INFORMATION PROVIDED Start Marker

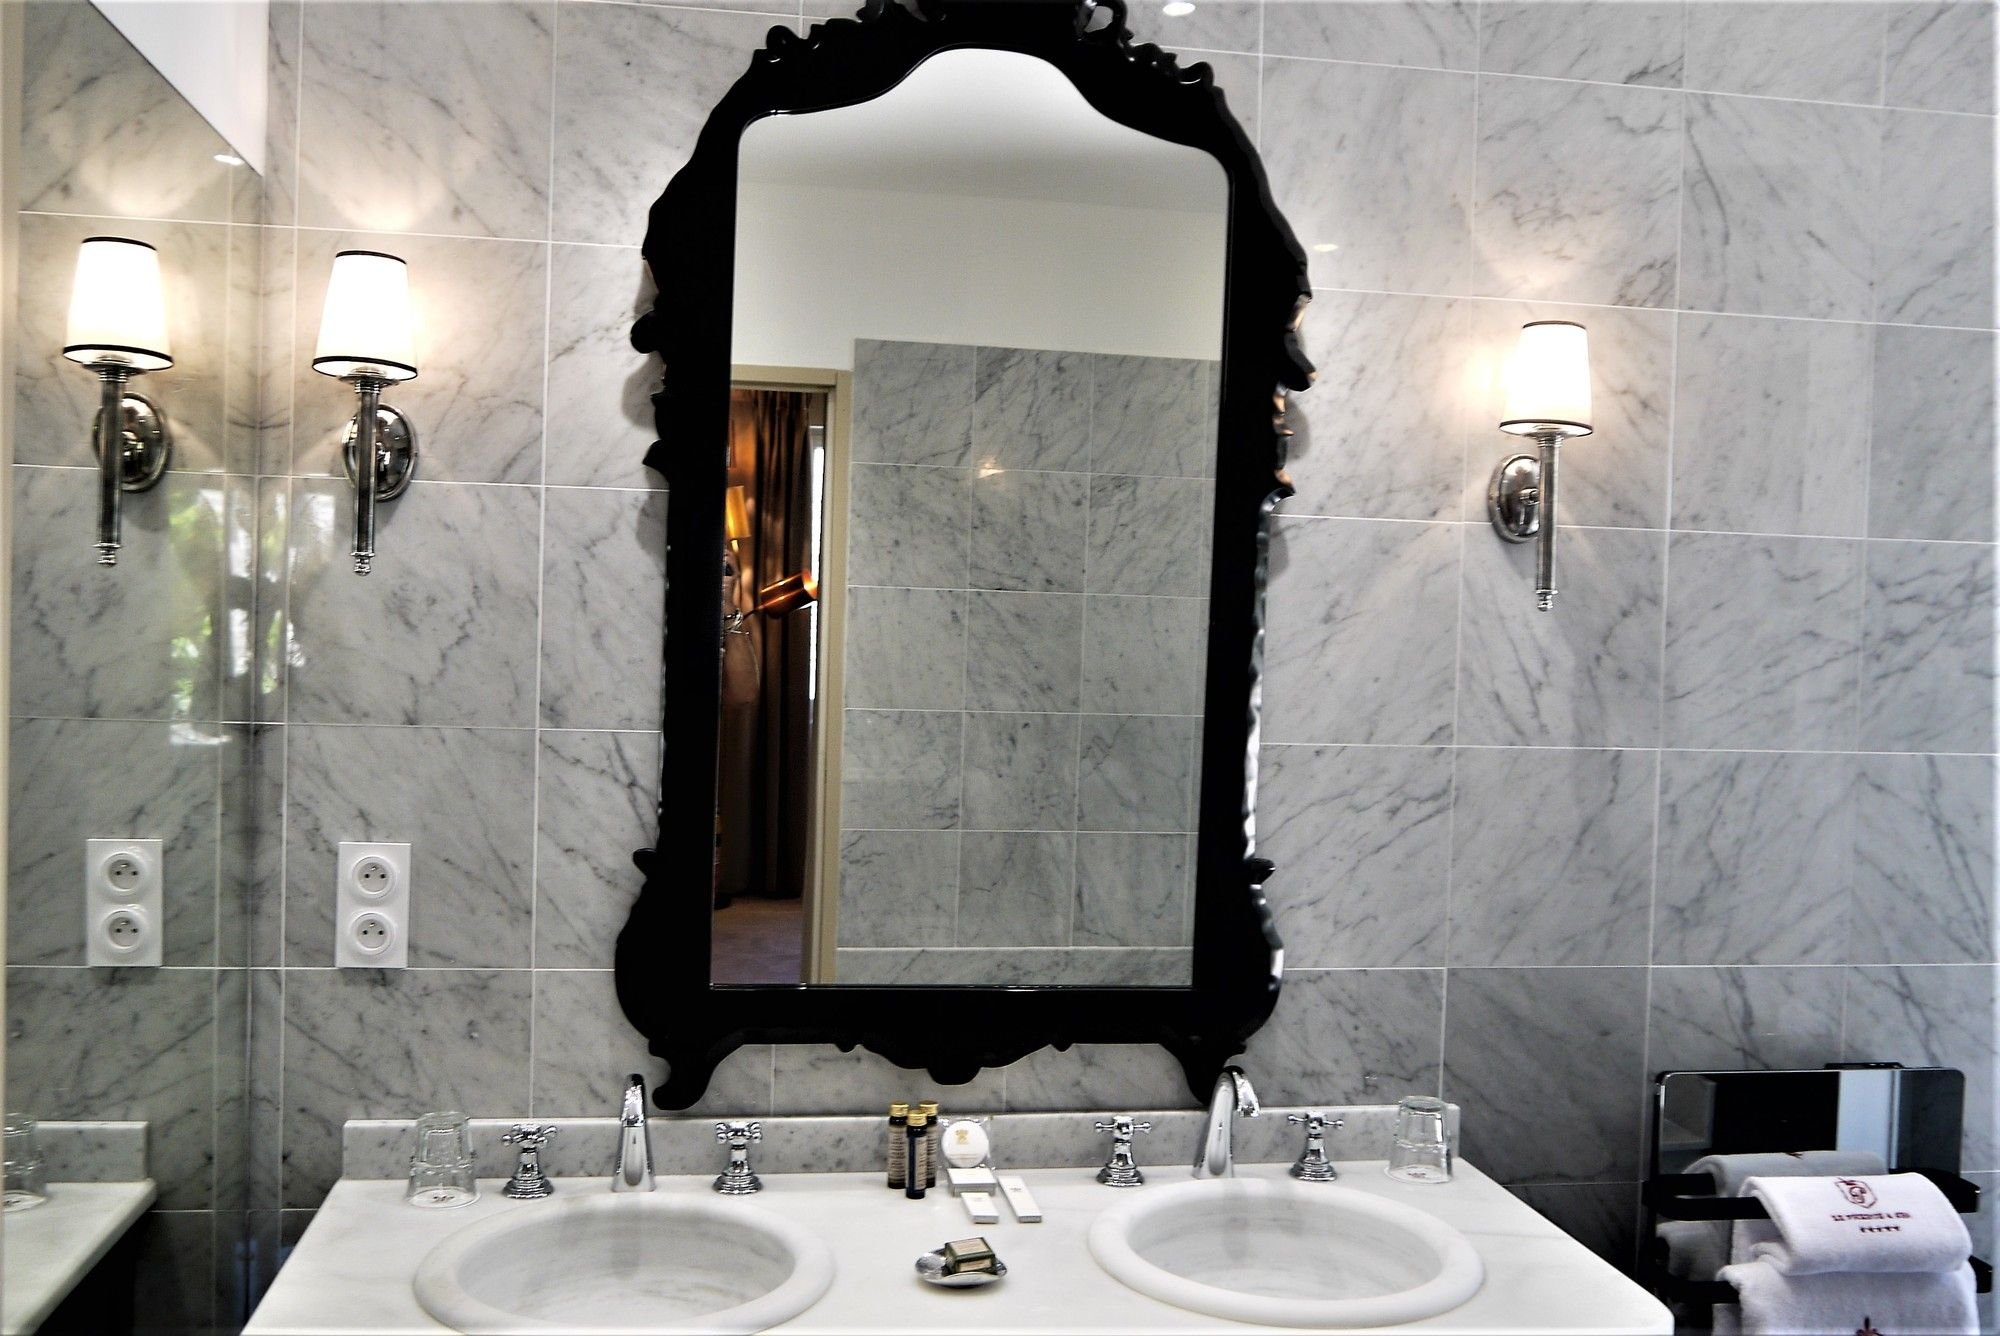 Le Phébus & Spa Suite Grand Prestige bathroom
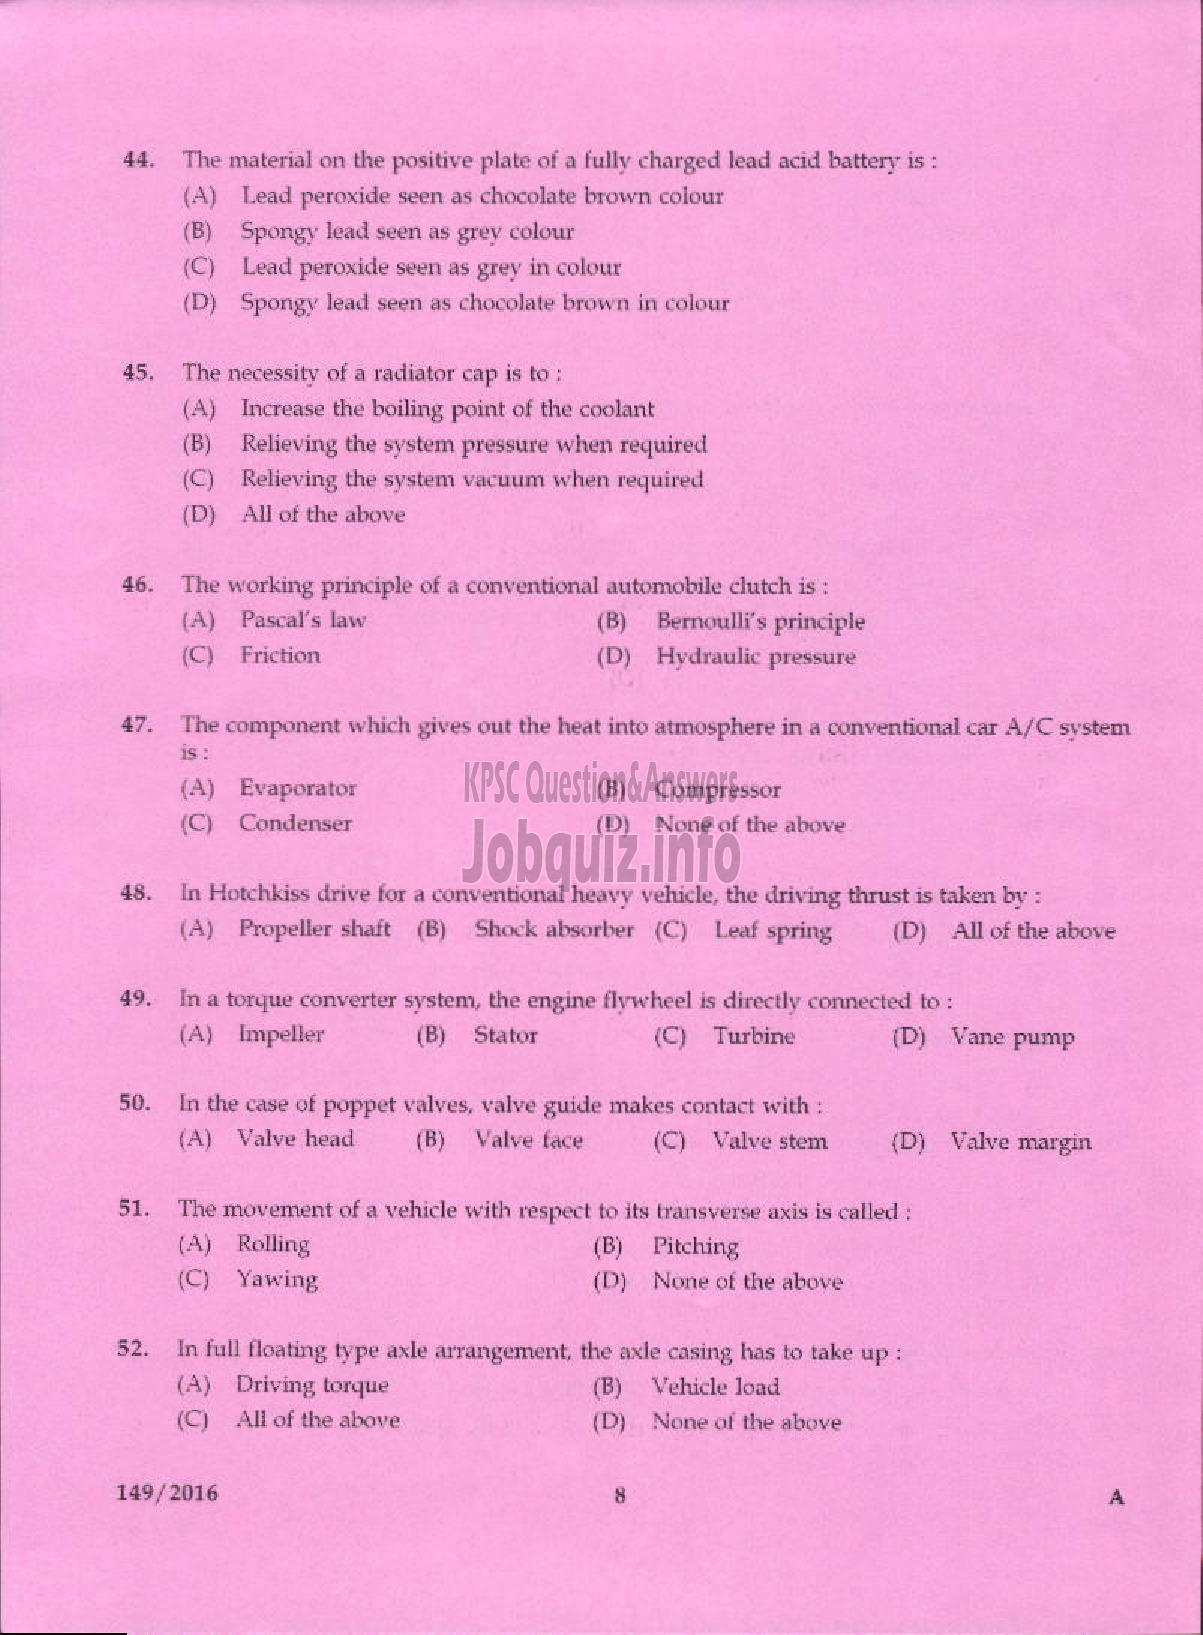 Kerala PSC Question Paper - VOCATIONAL TEACHER MAINTENANCE AND REPAIRS OF AUTOMOBILES KVHSE-6
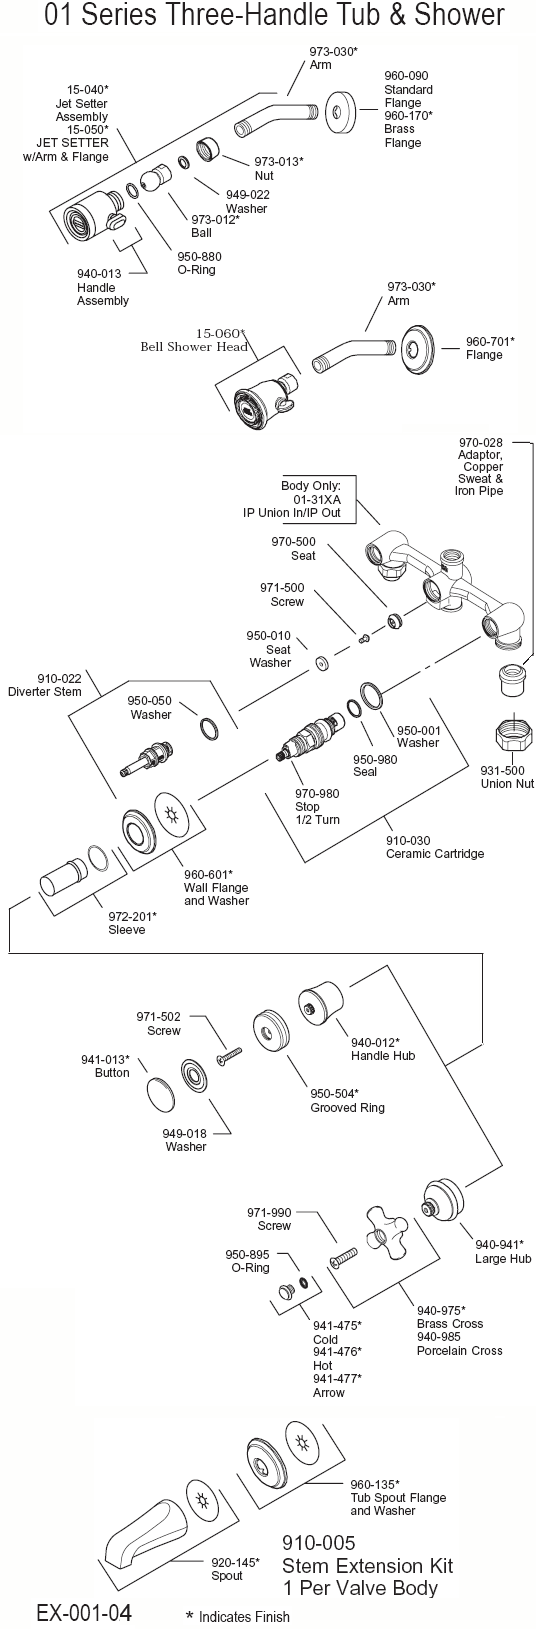 Savannah Shower & Tub Parts Diagram Model 01-8cbc

INFORMATION PROVIDED End Marker

Take the listing above and restate it word for word, without its pictures.

_REPLY TO THE TASK_.
 Le Phébus & Spa Suite Grand Prestige bathroom
 Kerala PSC Question Paper - VOCATIONAL TEACHER MAINTENANCE AND REPAIRS OF AUTOMOBILES KVHSE-6
 Savannah Shower & Tub Parts Diagram Model 01-8cbc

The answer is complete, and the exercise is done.